## Exercise directions
Print the listing as it stands, omitting all images.

## Supplied information
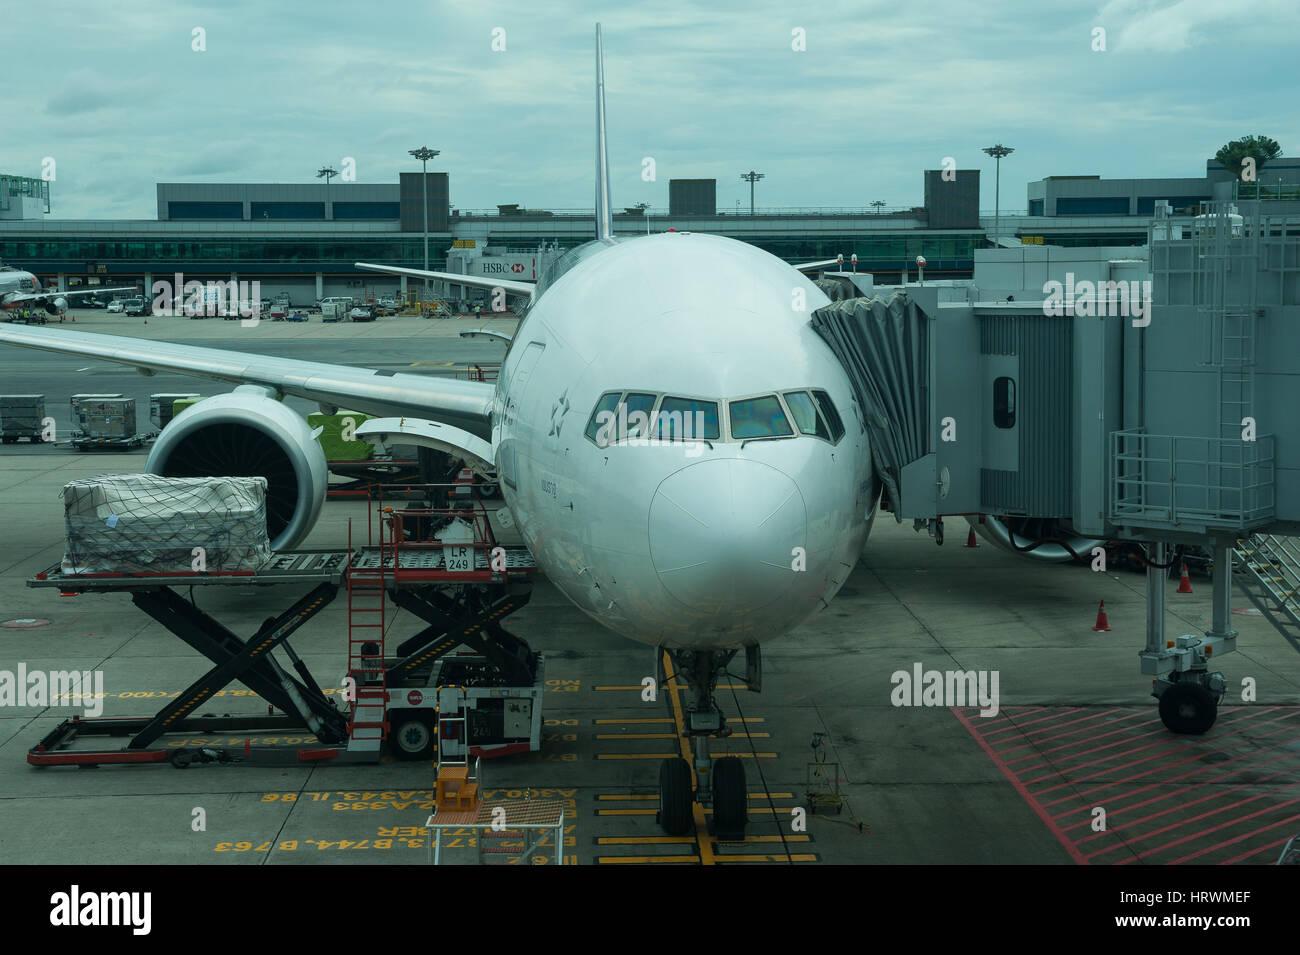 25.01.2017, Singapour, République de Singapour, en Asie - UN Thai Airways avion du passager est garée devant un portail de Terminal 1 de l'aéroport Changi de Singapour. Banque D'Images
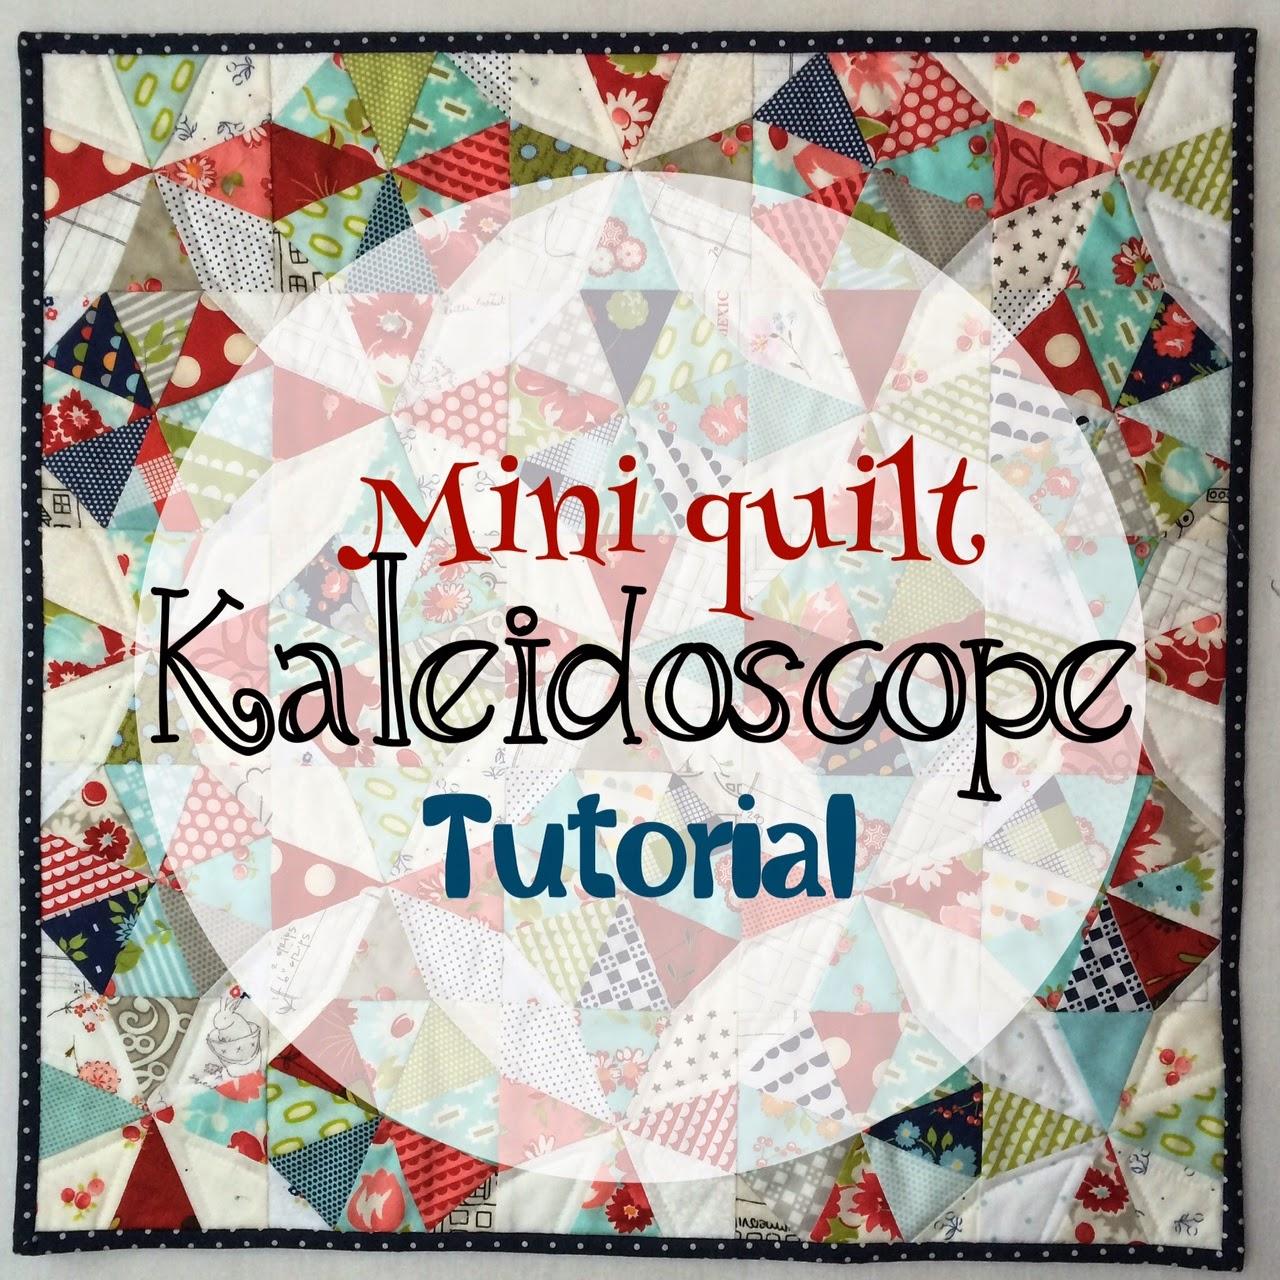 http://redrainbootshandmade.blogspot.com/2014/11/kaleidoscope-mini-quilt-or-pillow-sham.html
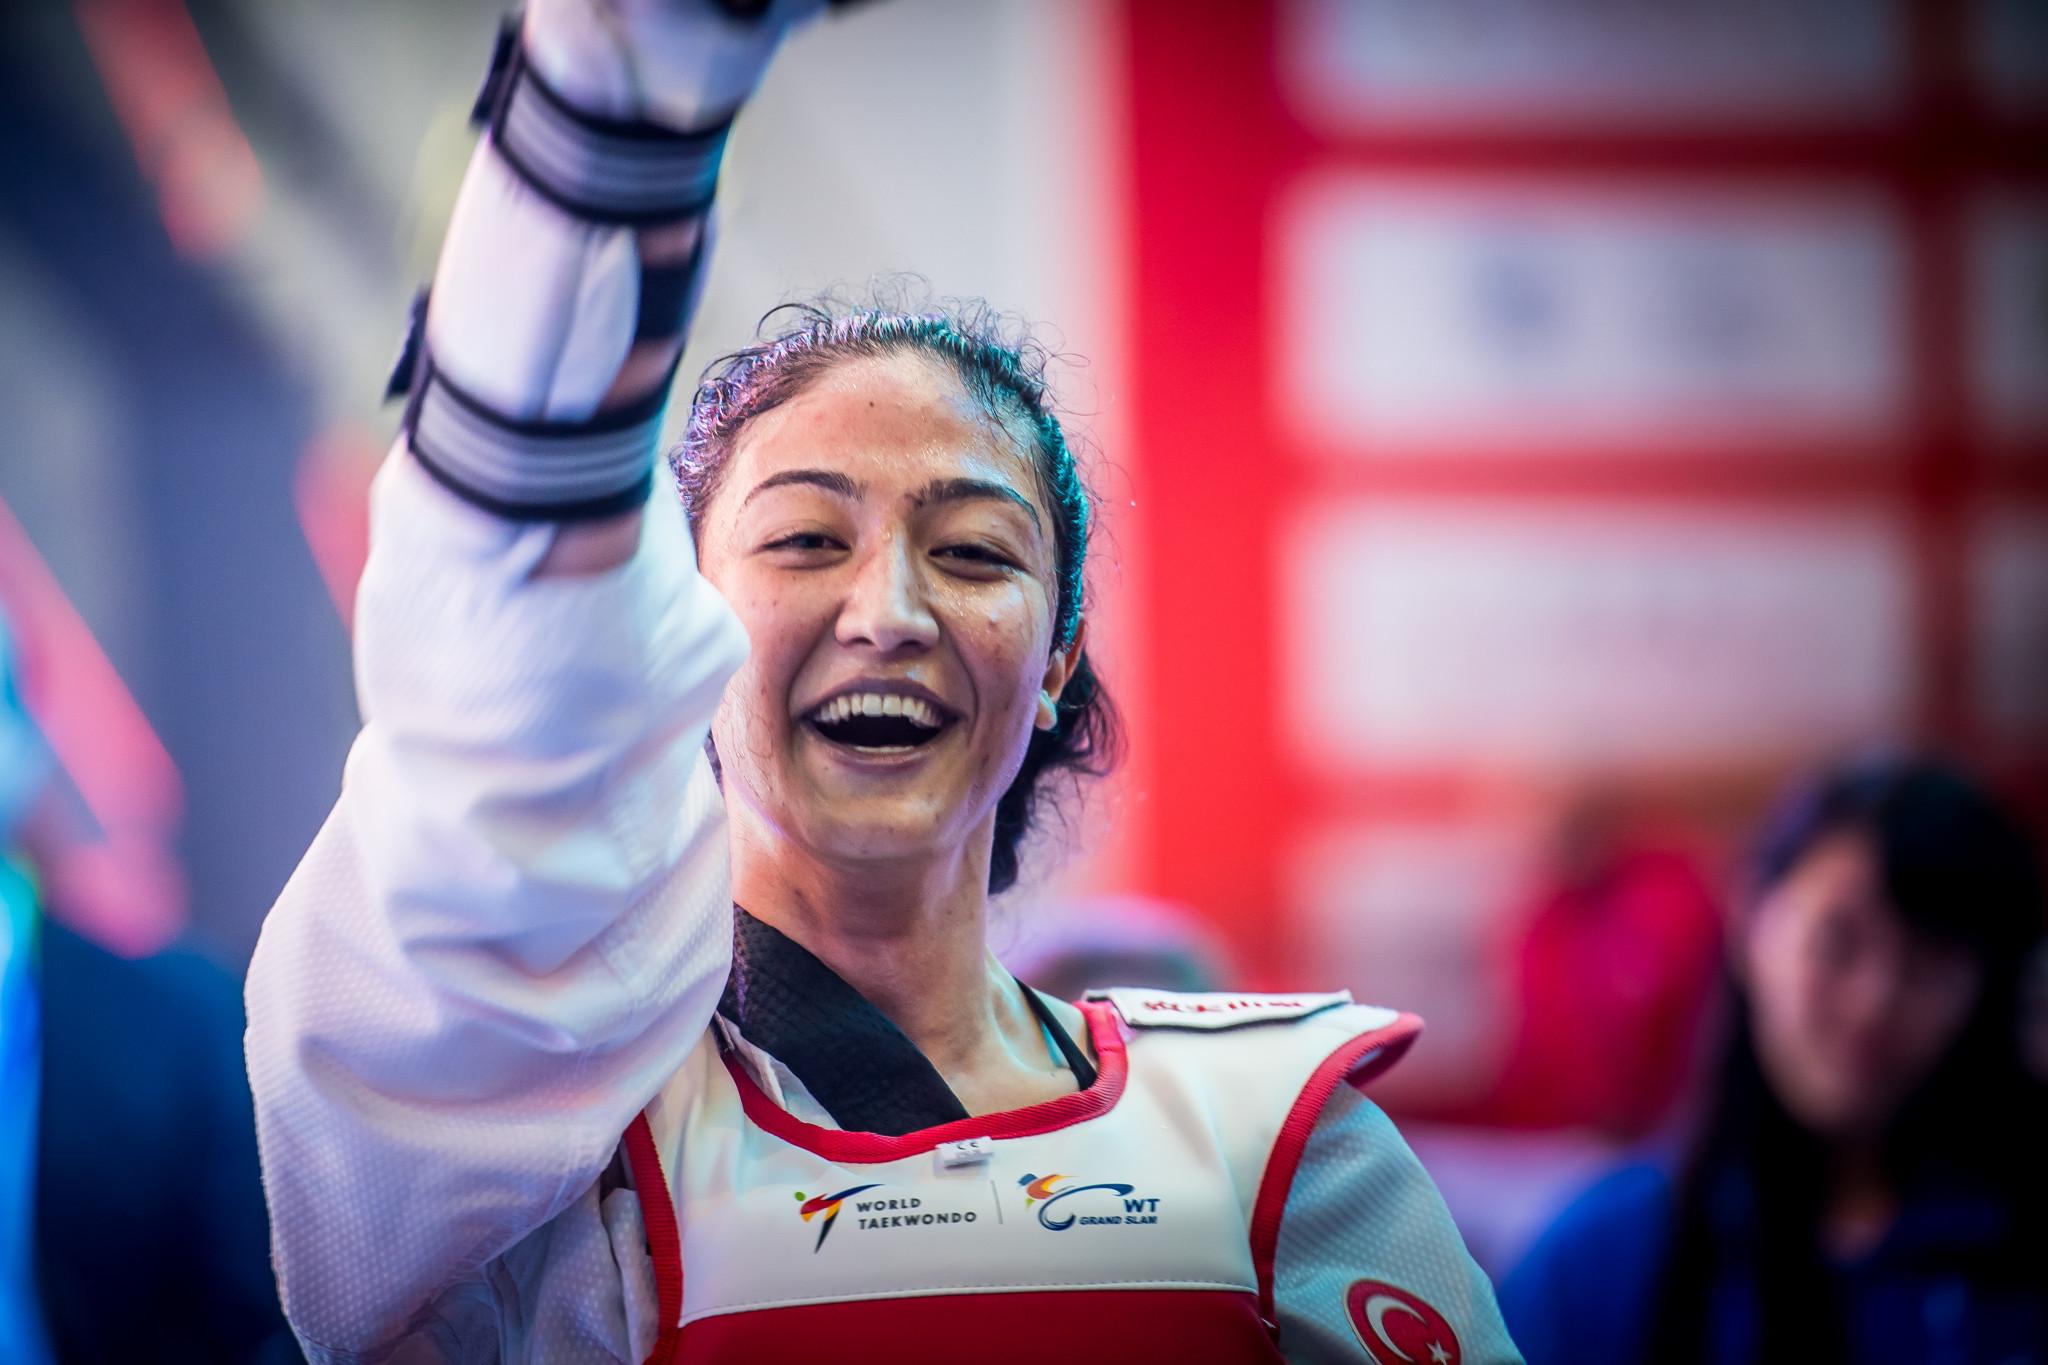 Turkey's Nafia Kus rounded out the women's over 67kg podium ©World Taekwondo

## Written solution
 25.01.2017, Singapour, République de Singapour, en Asie - UN Thai Airways avion du passager est garée devant un portail de Terminal 1 de l'aéroport Changi de Singapour. Banque D'Images
 http://redrainbootshandmade.blogspot.com/2014/11/kaleidoscope-mini-quilt-or-pillow-sham.html
 Turkey's Nafia Kus rounded out the women's over 67kg podium ©World Taekwondo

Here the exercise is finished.